I noticed that stocks often go up and down together, for example I see MSFT goes up 2% and then if I look at Alphabet it's also up at around 1.5% and then if one goes down, the other goes down similarly. I'm not talking about longer term as I observed correlated movements during the day. I don't think it's connected to the latest news or something. Why does it happen? Should I look at Nasdaq index to predict this or there is something else that I'm overlooking?
While Fattie is ultimately correct that there needs to be no reason for any phenomena in the markets, there are reasonable reasons to believe that the returns of Microsoft and Google should be more closely correlated than a random pair of stocks in the market. They sell somewhat similar products and have similar sources of costs. So news that may effect future revenue/costs of the two companies will likely effect them both in similar ways. While this isn't always true, there is evidence that changes in economic variables such as revenue and cost tend to be more similar in companies in the same industry than in companies in different industries. So, it as stock prices should be linked at least loosely to future net revenue is reasonable to believe their price changes should be more closely linked as well.
The NASDAQ index is a composite of (mostly) tech stocks and MSFT and GOOG are some of the largest components in that index. So, changes in the prices of MSFT and GOOG directly effect the index price simultaneously. Therefore, the NASDAQ rather unlikely to be a predictive or lagging indicator for either of the stocks. It's best to think of the NASDAQ as an average of how all tech stocks are changing currently.
Response to Question in Comments:
Though the economic variables I talk about above are generally released publicly for most companies about once a quarter. It doesn't mean that traders aren't trying to guess the implication of new information and how it may effect companies constantly throughout the trading day. Generally, news of any sort will effect companies similarly. If one company moves too far out of line, without a good reason, traders will think it is a mispricing they might profit from and will trade until the price is inline.
As for underlying variables, that is a much, much harder question. Some people would argue that the pursuit is pointless, though I'm not among those. But for a large corporation there are millions of choices daily that effect the future revenue of a company. Instead, often professionals will often approach the problem from the opposite viewpoint and assume that the stock will move with the broad market and just try to understand what occasionally will cause it to move in a different direction.
Often times, the people that attempt to predict the market, will judge various indicators to see if a particular sector is going to rise. That is what you are seeing. Google and MSFT are both in tech, and so if all companies say they will spend more in research and development, it is likely most companies in that sector will receive a rise in revenue, which probably means a rise in profits.
In that case, using workable numbers, lets say that tech spending will increase by 1,000. XYZ company controls 10% of tech, so they will receive 100 more in capital. if their profit margin is 20%, then that will translate into 20 more in profit. Then divide that number by the number of shares outstanding and you have the price that the stock should increase without much speculation.
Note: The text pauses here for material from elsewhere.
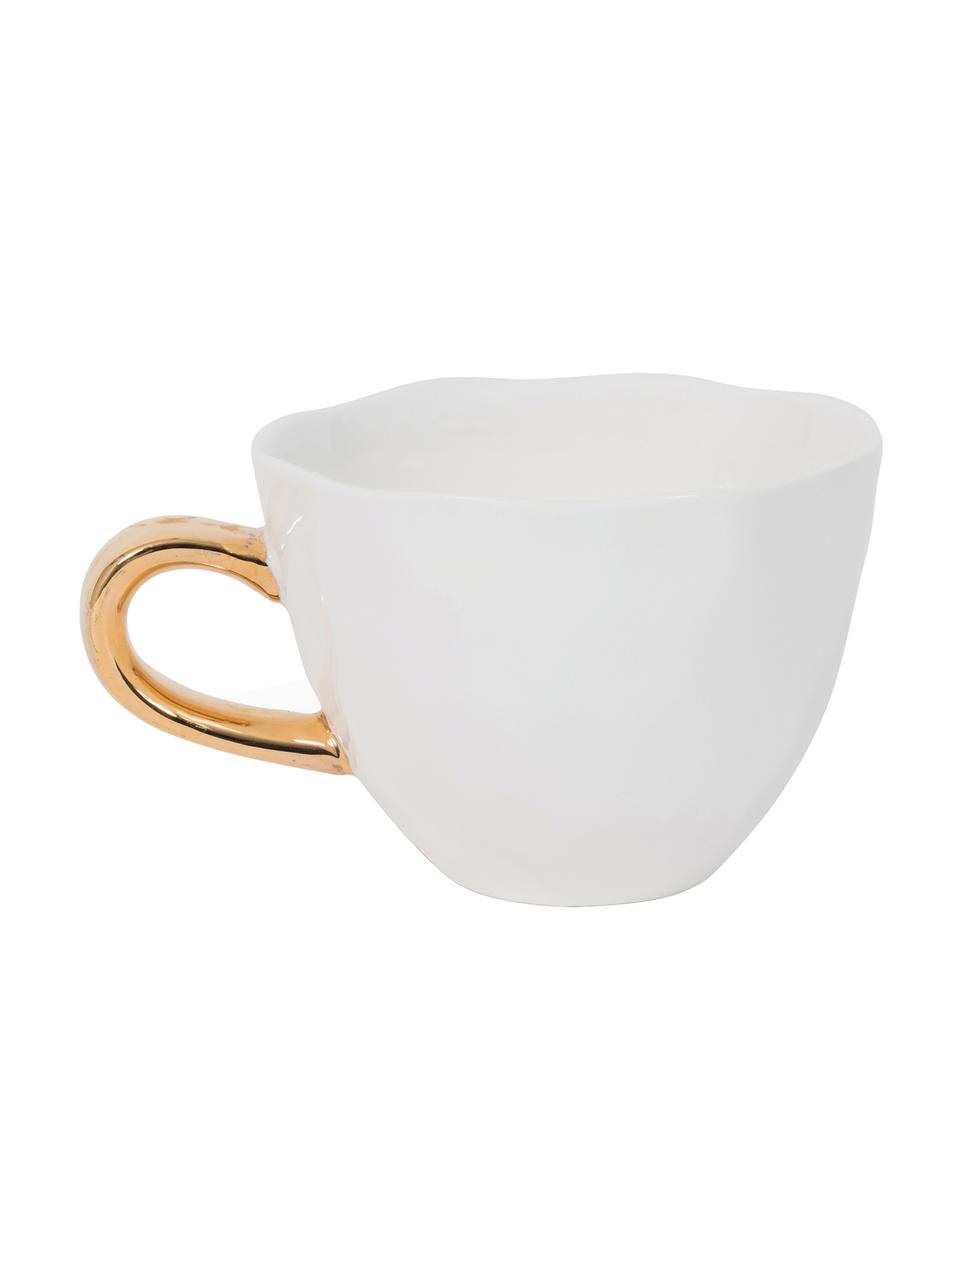 Tasse Good Morning mit goldenem Griff, Steingut, Weiß, Goldfarben, Ø 11 x H 8 cm, 350 ml

All companies in tech should rise in proportion of their market share. This is why you often find similar companies moving in the same direction.
Quite simply, nobody has a clue why or how the stockmarket works.
Famously, these two guys "Merton and Scholes" created the most complex ever model of markets (if they were on this list, they'd now be confidently telling you the "answer" to your question...).
Of course, "Merton and Scholes" were just two staggeringly inexperienced zeros who knew nothing; they went on to lose about the largest amount of money ever lost on the markets in one go. Complete idiots. (They were assisted by - could you make this stuff up? - one of the chiefs of the Federal Reserve.)
One of the single biggest financial failures in history. Their work had the value of a 3 year old scribbling. Was the lesson learned? Of course not: more people come along with market "theories," to explain the type of thing you ask.
Off the top of my head, you can give a few rationales,
"I don't think it's connected to the latest news or something." It seems very obvious to me that good or bad news would change the market
The big index funds. I'm not sure if you know but most "investing" just goes in to index funds which (quite simply) buy a certain list of stocks which is published by a newspaper. (No ... really ... you read that all right.) You can see that the funds in question have to buy or sell together those stocks. (It's important to remember, this is just a suggested theory - as an example - it may be utterly, hopelessly, wrong.)
Similar categories. Many of the stocks you mention are indeed "related" - they are all "tech" stocks, you could say. Makes sense they may move together. it's possible this is the simple answer to your question: if you compare, like oil companies, travel companies, car manufacturers etc, you may not see as much correlation.
Answer - nobody has a clue.
If someone did, they'd be rich and wouldn't tell us.